Но нас никто над ними судьями не поставил. Только с горечью и содроганием можем мы смотреть, как ползли на них изо всех углов жуткие хитонические чудовища и правили свои страшные брачные обряды, плавя людскую жизнь в единое целое со смертным ужасом, как оживали ночные кошмары и наваливались на все живое своим позолоченным брюхом.
«Выросла целая плеяда “Чуковских”, которые занимаются беспредметным развлекательством, – обличает некто Разин в своей статье “Про серого заиньку и пятилетку”. – В книге Чуковского “Мойдодыр” имеются моменты религиозного мировоззрения (“Боже, Боже, что случилось”)».
Не станем делать даже осторожные, осмотрительные предположения, что именно мучило Чуковского. Новомодные барбитураты? Боль – что разгромлена жизнь, что он, по его собственным словам, не написал и тысячной доли того, что мог написать? Разочарование во всем, что так бодрило в молодости? Остановимся на свидетельстве очевидца, который явил свою проницательность всему читающему миру.
Евгений Шварц: «Он [Чуковский] бушевал в одиночестве, не находя пути по душе, без настоящего голоса, без любви, без веры…»
…Он упал в кресло, откинувшись на его круглую плетеную спинку, и не выпрямляясь, только вытянув вперед длинную руку, взял со стола книгу в кожаном переплете. На обложке, одетый в высокий малахай, сшитый из козьей шкуры, стоял одинокий человек. Укрывшись от палящего солнца самодельным зонтиком, он смотрел вдаль, в открытое море, нарисованное яркой синей краской, смотрел напряженно, страстно, словно искал там спасительный ответ.
Даниель Дефо. «Жизнь и удивительные приключения Робинзона Крузо, моряка из Йорка, прожившего двадцать восемь лет в полном одиночестве на необитаемом острове».
Книга легла на худые мосластые колени и, распахнувшись под небрежным движением пальца, открылась на случайной странице.
«Но теперь, когда я захворал, моя совесть, так долго спавшая, начала пробуждаться, и мне стало стыдно за свою прошлую жизнь. И я взмолился: “Господи, будь мне помощником, ибо я нахожусь в большой беде!”»
– Черт побери! – вскричал Чуковский и с размаху швырнул книгу в тот угол, где бесформенным комком валялось одеяло. – Этого никогда никто не напечатает!
Перевод Чуковского – уникальное произведение. Таких больше нет, учитывая, что книга Даниэля Дефо «Робинзон Крузо» была переведена на все человеческие языки и не раз. Но ничего подобного не существует. Никому не пришло бы в голову взять ножницы и вырезать из великого христианского романа, из духовной биографии человека, саму суть.

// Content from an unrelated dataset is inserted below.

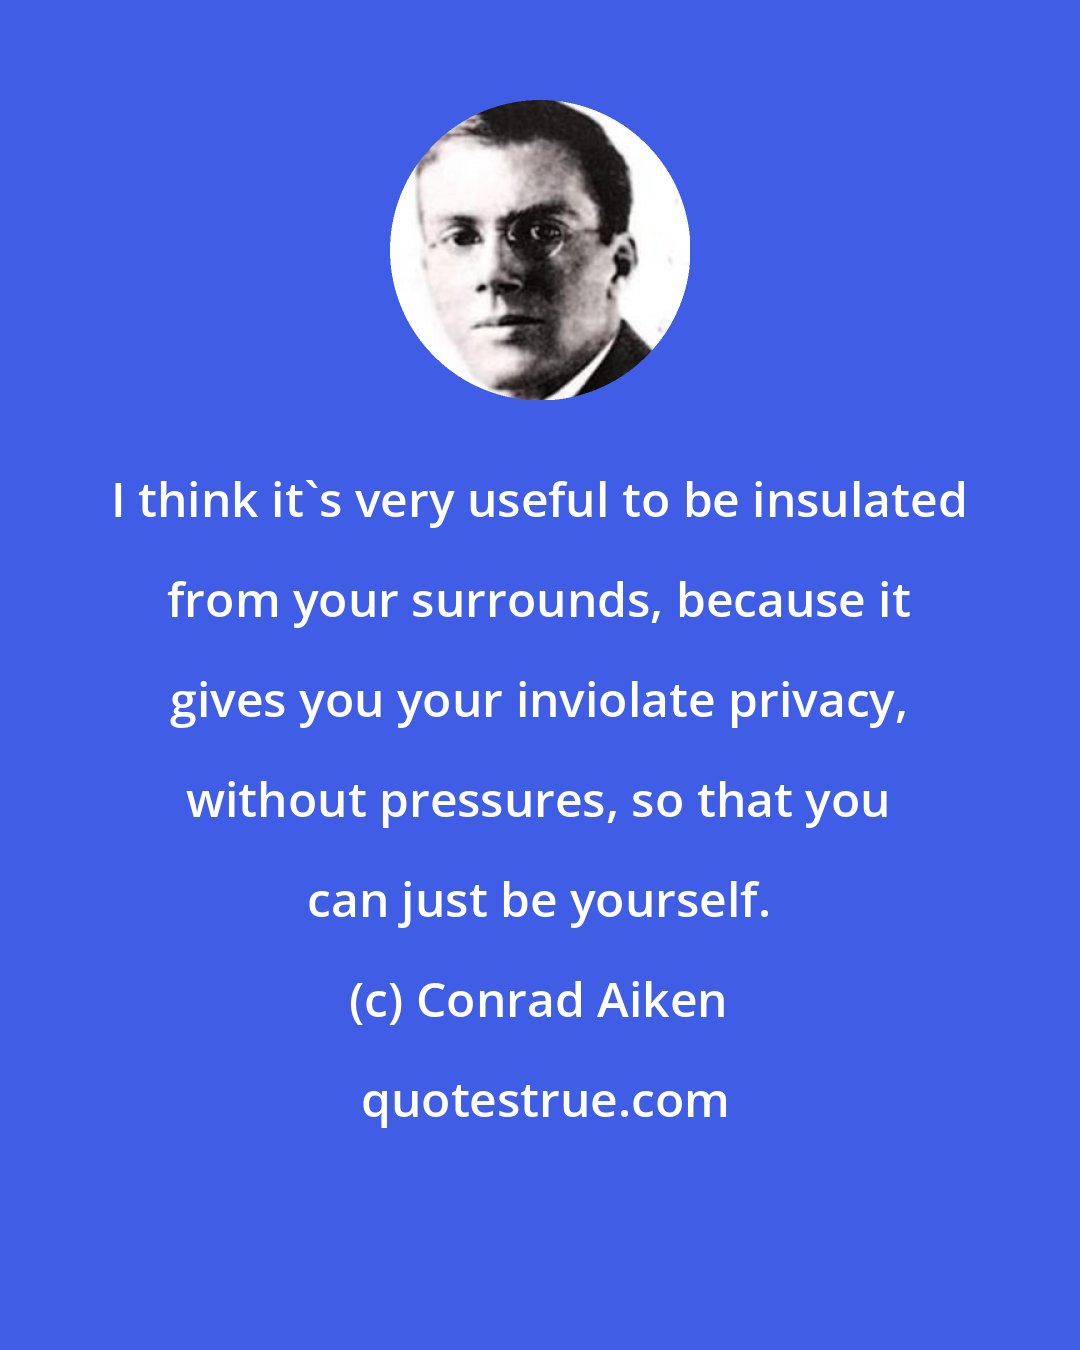 Conrad Aiken: I think it's very useful to be insulated from your surrounds, because it gives you your inviolate privacy, without pressures, so that you can just be yourself.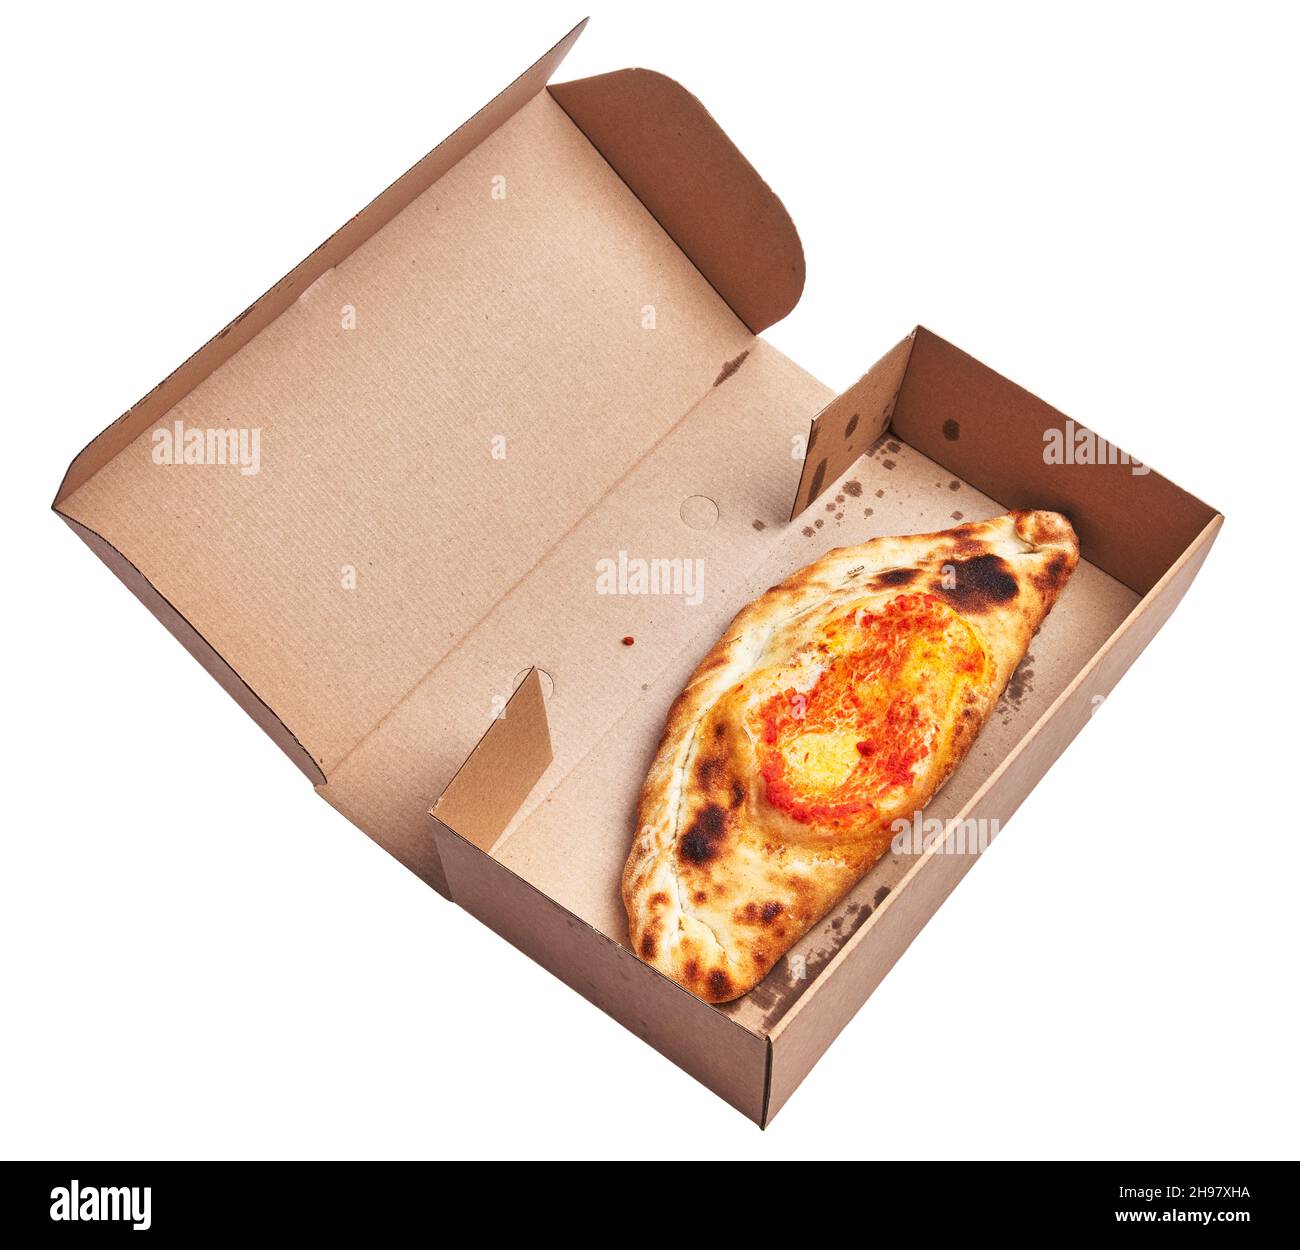 Single calzone italian pizza on delivery box isolated over white background  Stock Photo - Alamy

Кем предстает советскому ребенку Робинзон Крузо? Нет, это не хлюпик из старорежимного перевода Марии Шишмаревой, отягощенный религиозными исканиями. Чудак в высокой шапке из козьей шкуры, ремесленник, который умеет при помощи ногтя и палочки построить хижину, развести костер, посадить репку. Бодрый, энергичный оптимист, который не теряет присутствия духа ни при каких обстоятельствах. Атеист, который вместе с дикарем Пятницей смеется над догматами христианской церкви. Приключение, умение выжить, стойкость, человек – покоритель природы – вот «Робинзон Крузо», которого мы знаем с детства.
«И вот, не спросив ни родительского, ни Божьего благословения, я сел на корабль, отправляющийся в Лондон»[24].
Сначала надо было поработать над происхождением. Купеческое сословие – чуждый класс. Сделать отца Робинзона крестьянином или рабочим мануфактуры? Можно. Но не исчезнет главное – драма раскаяния героя в том, что он пренебрег волей отца, нарушил пятую заповедь. Что делать? А вот что. Построить конфликт между идеологически чуждым отцом, который, как и все купцы, заботился только о собственной выгоде, и сыном, который рвется к светлому будущему. У Дефо – отец укоряет и упрашивает молодого человека отказаться от рискованного замысла. Это все надо убрать. Глубоко втянув воздух, словно собираясь нырять, Корней Иванович нацарапал на узкой полоске бумаги: «Горе тебе, если убежишь, – кричит черствый сердитый папаша»[25]. Смазав обратную сторону бумажки клеем, он приложил ее на зачеркнутую фразу Даниэля Дефо и несколько раз провел сверху пальцем – для верности. Казалось бы, исправление невелико, но оно полностью меняет смысл в правильном, в нужном советскому человеку направлении.
Робинзона охватывает глубокое раскаяние? Пишем: «боялся гибели».
Таак. Буря. Команда корабля перед лицом опасности. Матросы молятся – заменяем: паникуют.
Сама суть книги заключается в том, что герой старается понять смысл своей жизни, во всем уповая на волю Господа. Вот этого не нужно. Чуковский создает образ человека, который всего добивается сам. Приходится уточнять содержание.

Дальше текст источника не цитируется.